確かに基本的に仕事のスケジュールしか書いてないけど、とその様子を見やった俺は、相手が手帳の終わりの方へ差し掛かったのに気付いてふと自分が何を書いたのか思い出した。
慌てて伸ばした手で、スモーカーの手から自分の手帳を奪い返す。
「やっぱり恥ずかしいから無し!」
部隊の演習の内容も書かれているから、外で落としたりしたら大変なものだ。
もちろん目の前の相手は正義の味方であるスモーカーなんだから問題はないのだが、それはそれとして、見られたら困るものだってある。

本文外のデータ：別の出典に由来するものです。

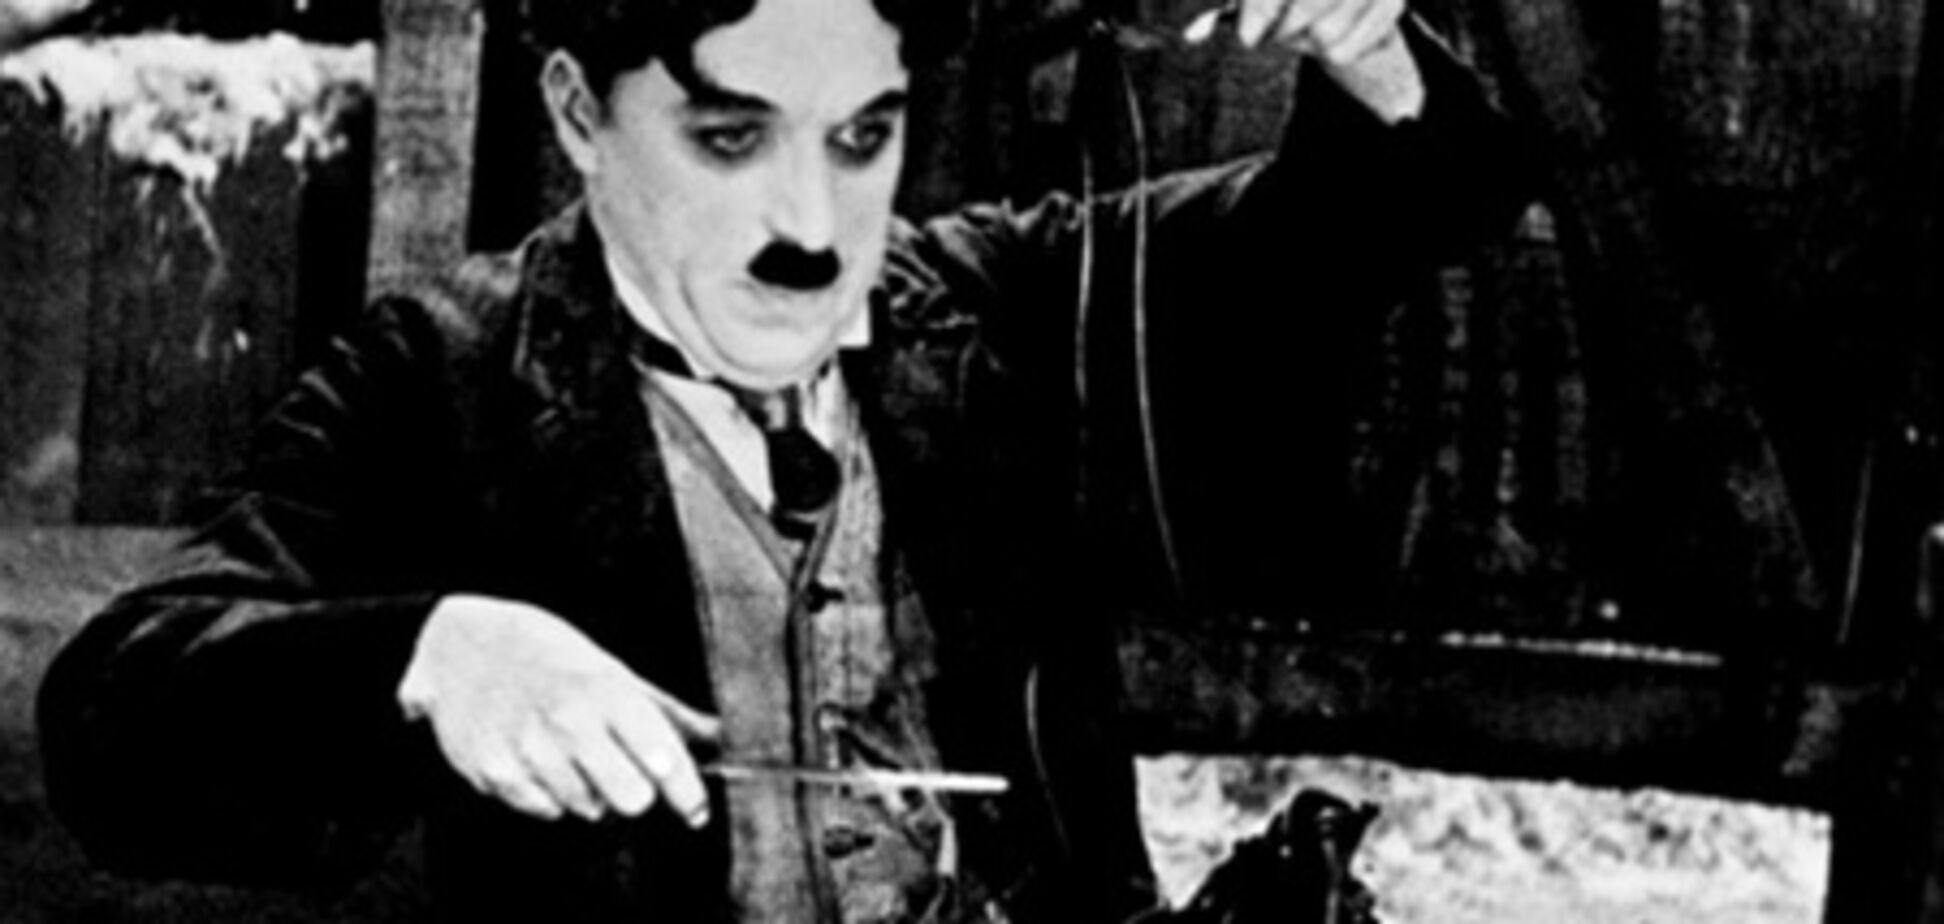 Спецслужбы рассекретили досье на Чаплина
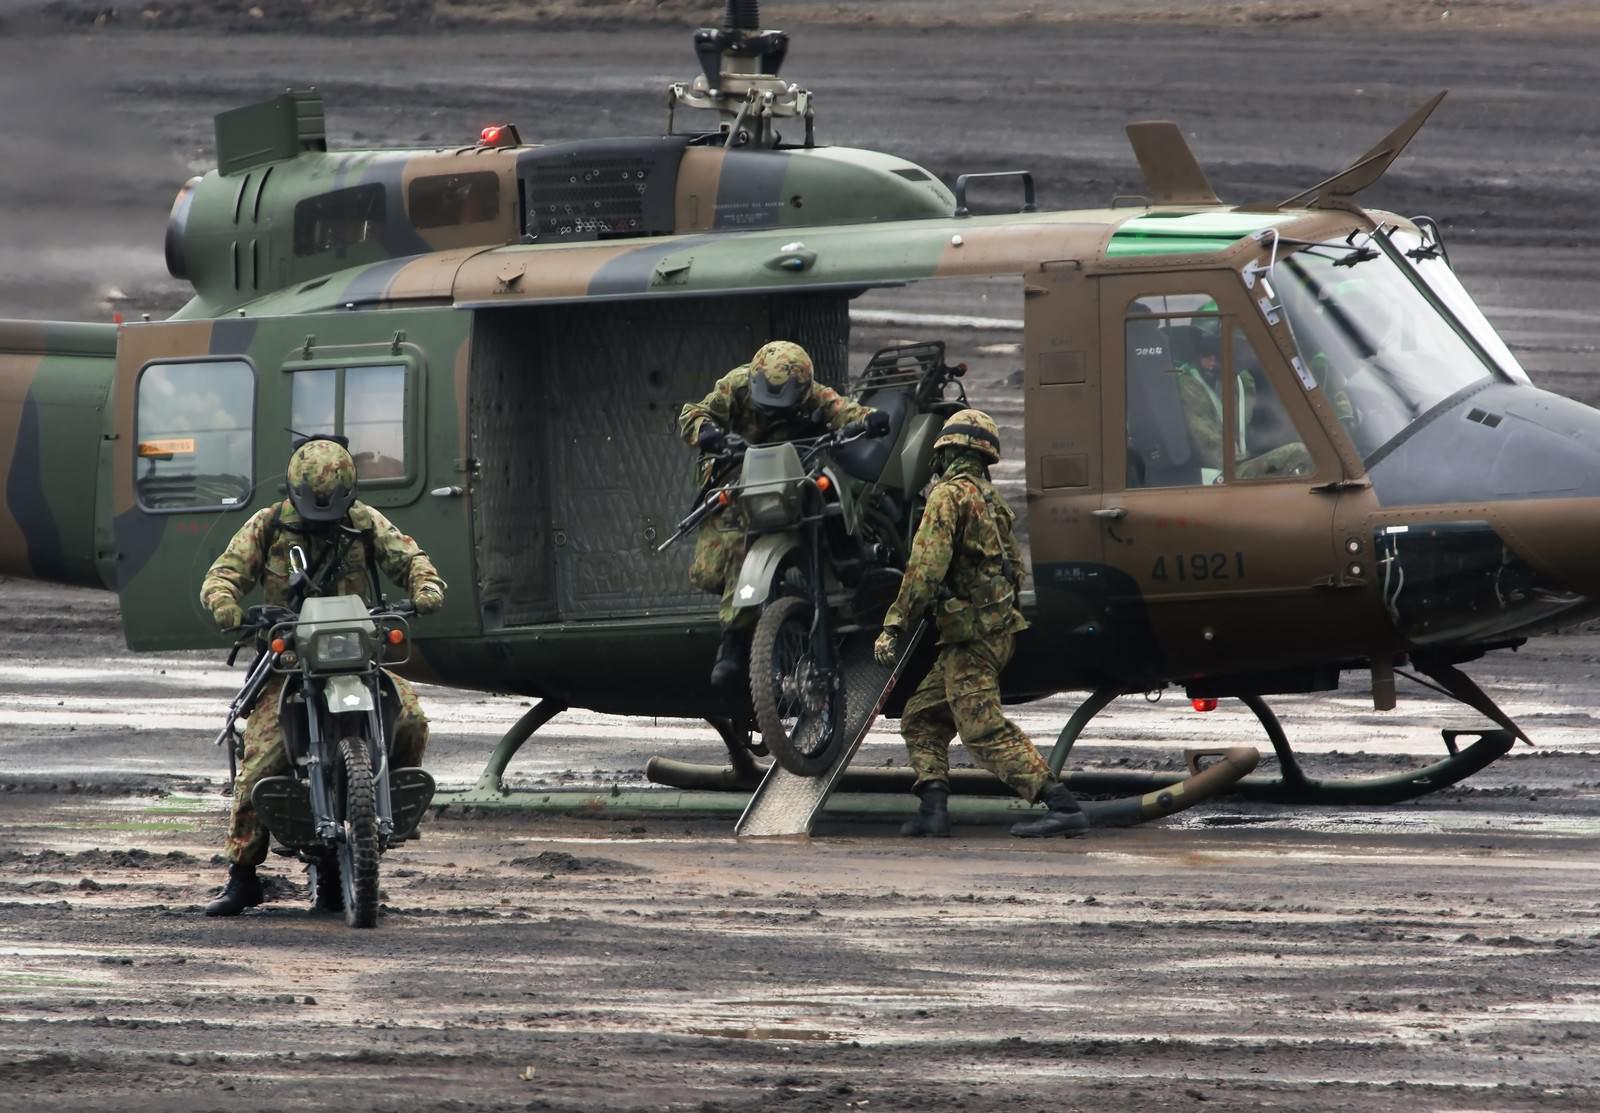 「偵察用オートバイ出撃」の写真

「それより、せっかく時間あるし今日は何処かでご飯していこう。スモーカーは何か用事とか……」
ささっと閉じた手帳を懐へ仕舞い直した俺は、そんな風に言いながらスモーカーの方を見やった。
そこで言葉が途中で途切れてしまったのは、スモーカーが何故だか目を少しばかり丸くしてこちらを見ていたからだ。
驚きと困惑の混じったその視線に、はっと息を飲んで胸元を抑える。
そこにいる手帳の厚みが、しっかりと掌に伝わった。
「まさか……見た?」
見られる前に奪い返したと思ったのに、と尋ねた俺に、数秒を置いてスモーカーの目が瞬きをする。
「…………いや、見てねェ」
そうしてようやく絞り出された答えは、誰がどう見ても『嘘』だ。
「嘘だ! 絶対見た!」
「見てねェ」
しかし自分の嘘を認めないスモーカーは、さっさと行くぞと言葉を放って俺をよそに歩き出した。
慌ててそれを追いかけながら、ちょっと、と声を上げる。
「見たんなら見たって言えよ! サプライズなんだから見たんならサプライズじゃなくなるだろ!」
「なんの話だか分からねェな。やりたいんならやりゃあいいだろう、サプライズ」
「スモーカー!」
「うるせェぞ、ナマエ」
その日一日付きまとって声を上げても、あしらうように言葉を寄こすスモーカーは、絶対に認めてはくれなかった。
だけどあの反応は絶対に見たはずだ。
三月十四日のサプライズパーティは、たしぎちゃんと相談して内容を考え直した方がいいに違いない。